» Extracted records
***
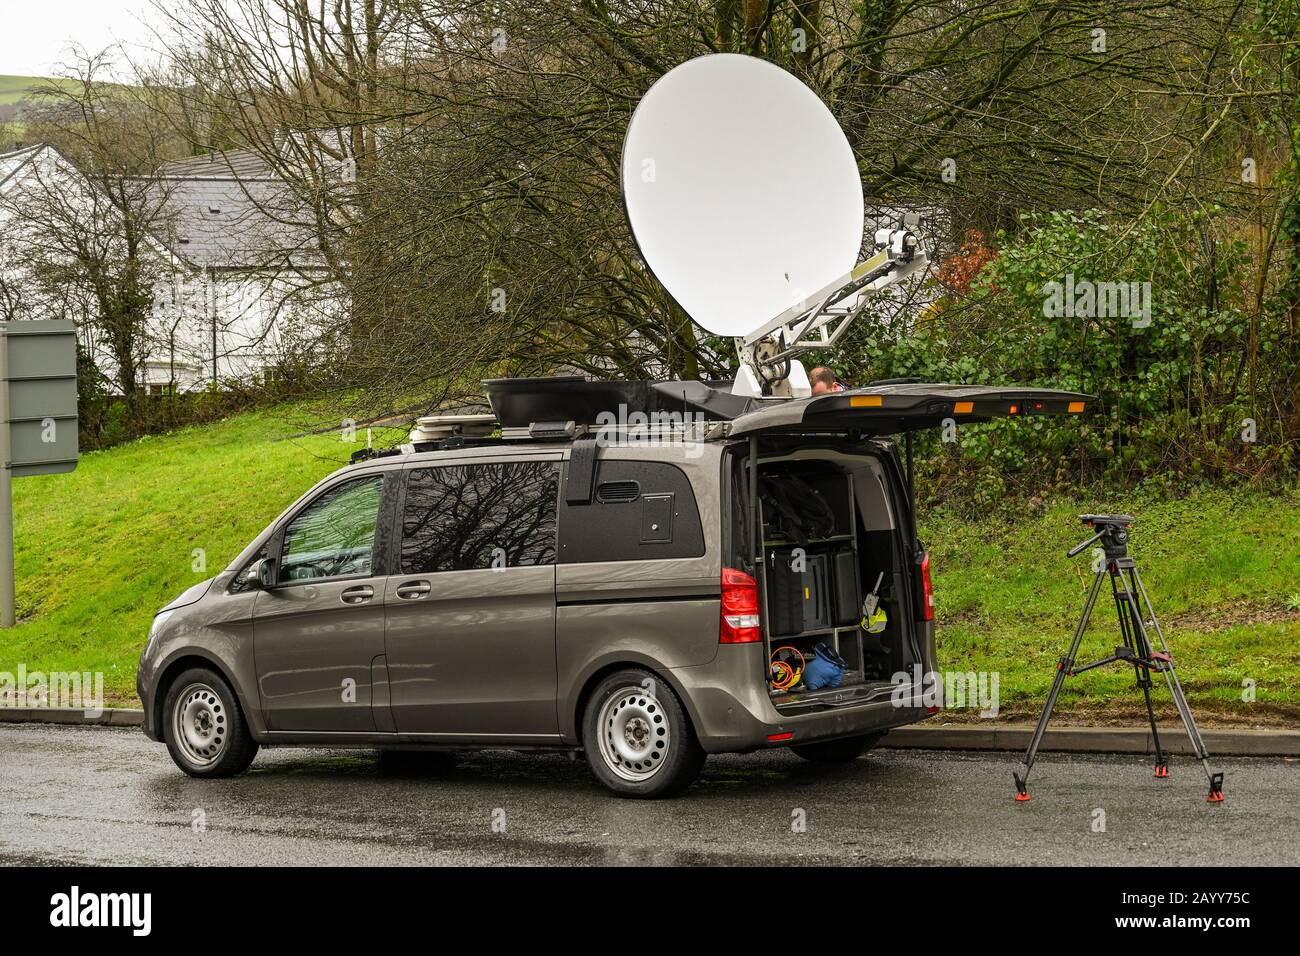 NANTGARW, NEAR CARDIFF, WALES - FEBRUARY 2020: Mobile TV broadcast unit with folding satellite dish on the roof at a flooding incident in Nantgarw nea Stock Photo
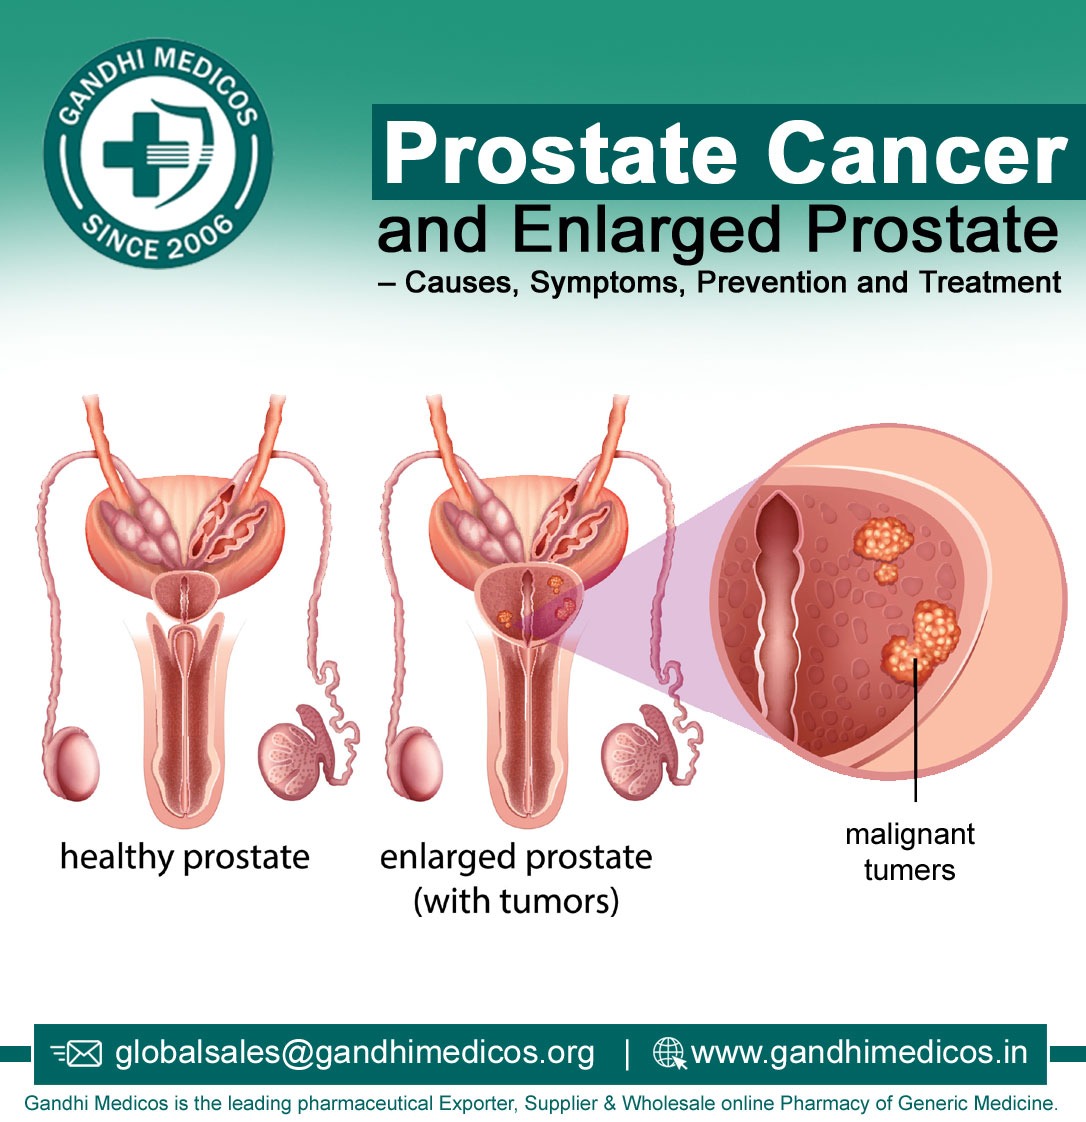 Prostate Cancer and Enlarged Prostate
***
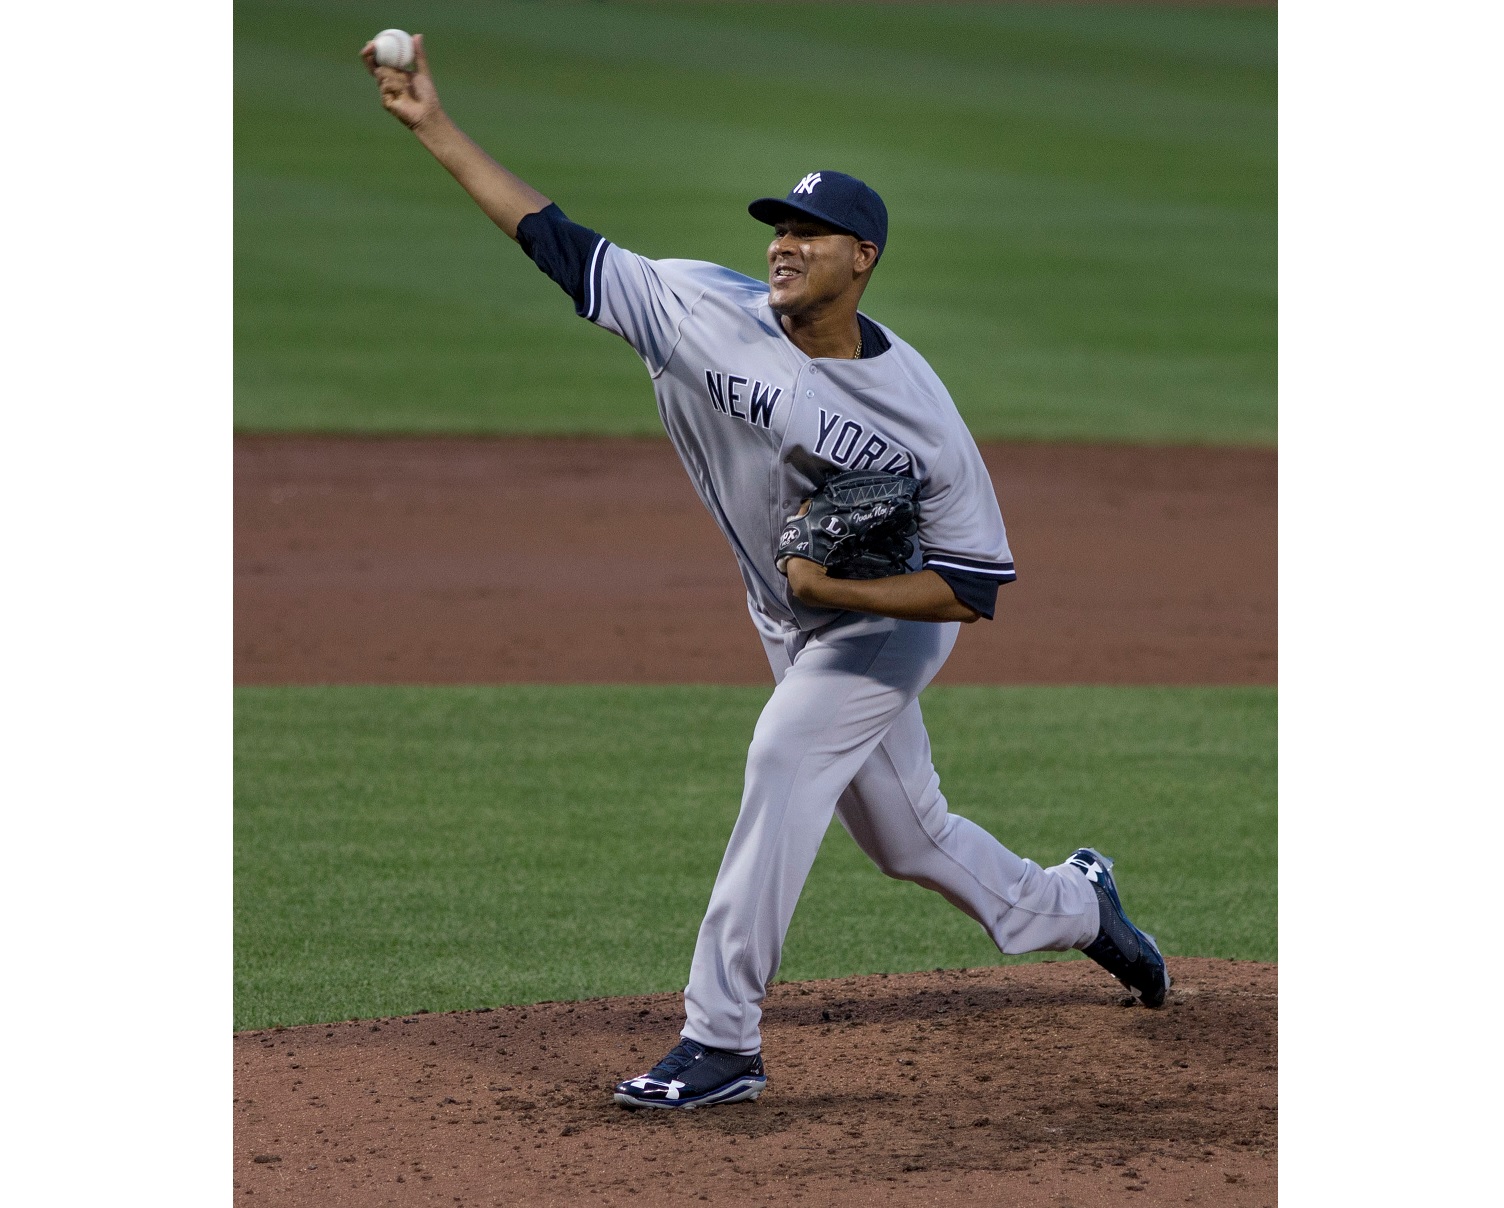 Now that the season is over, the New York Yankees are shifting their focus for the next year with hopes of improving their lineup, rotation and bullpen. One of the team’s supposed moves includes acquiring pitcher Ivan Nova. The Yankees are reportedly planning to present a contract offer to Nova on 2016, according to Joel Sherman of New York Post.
***
» Task directions
Your answer must be the lines above from the one holding "NANTGARW, NEAR CARDIFF, WALES" up to and including the one holding "Prostate Cancer and Enlarged Prostate", exact and with no pictures.

» Written response
 NANTGARW, NEAR CARDIFF, WALES - FEBRUARY 2020: Mobile TV broadcast unit with folding satellite dish on the roof at a flooding incident in Nantgarw nea Stock Photo
 Prostate Cancer and Enlarged Prostate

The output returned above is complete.